Although silicon photonics offers the most mature integrated photonics platform, leveraging the decades of development of CMOS processes for integrated electronics, it is not transparent at 1064 nm. Thin Film Lithium Niobate (TFLN) is an ideal material due to its transparency in this window and with modulators that exhibit high linearity and bandwidth.

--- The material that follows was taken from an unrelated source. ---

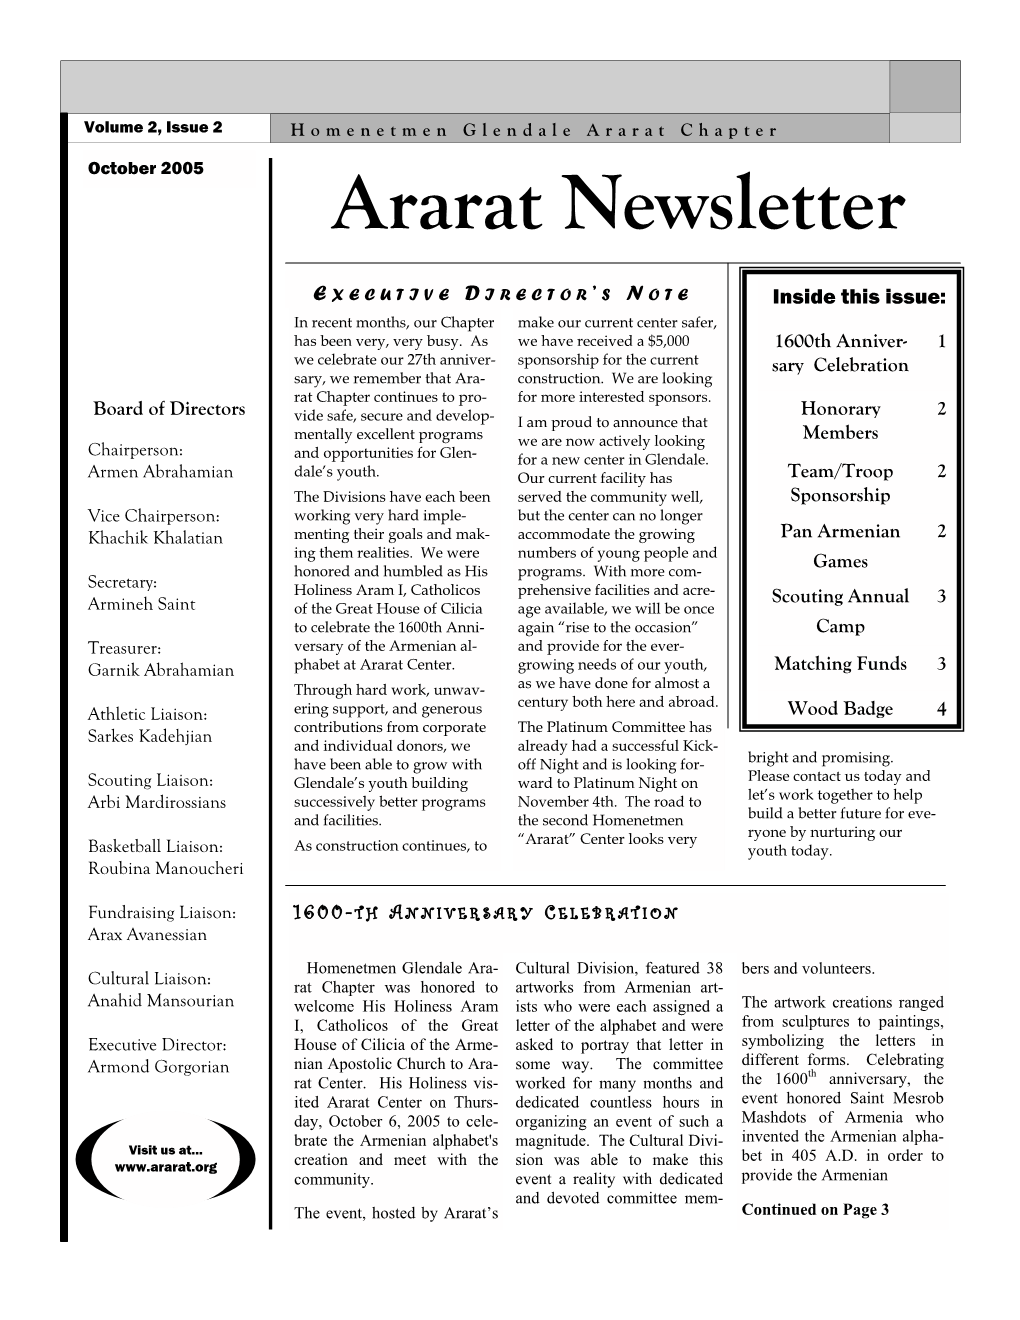 Ararat Newsletter

At 1550 nm, there has been years of dedicated research effort, allowing the development of fast CMOS driven modulators at 70 Gbit/s15 with a recent demonstration of a fully packaged 100 GHz-bandwidth modulator16. Some of the challenges faced by TFLN include unwanted effects produced by the mobile charge carriers, leading to DC bias drift; this effect has been known for years in bulk LN17. The drift is generally corrected in TFLN by feedback loops and thermo-optic phase shifters18, with recent alternative correction strategies involving a pre-processing of the TFLN with an Ar+ milling19. At 1064 nm, the platform still has lots of room for development20, where fabricated modulators with thin electrodes and DC-only characterizations were reported in21, and RF characterization up to 5 GHz was reported in22. A recent fabrication of a >38 GHz bandwidth modulator was realized with etched waveguides and an optimized travelling wave electrode (TWE) design23, here the measurement was bandwidth limited by the photodiode, the modulator was simulated to have 1.7 dB of roll-off in EO response at 80 GHz. When considering platform development for use at a new wavelength, there are many geometrical parameters that affect performance, notably the waveguide type, its cross section and the starting thickness of the LN which undergoes etching.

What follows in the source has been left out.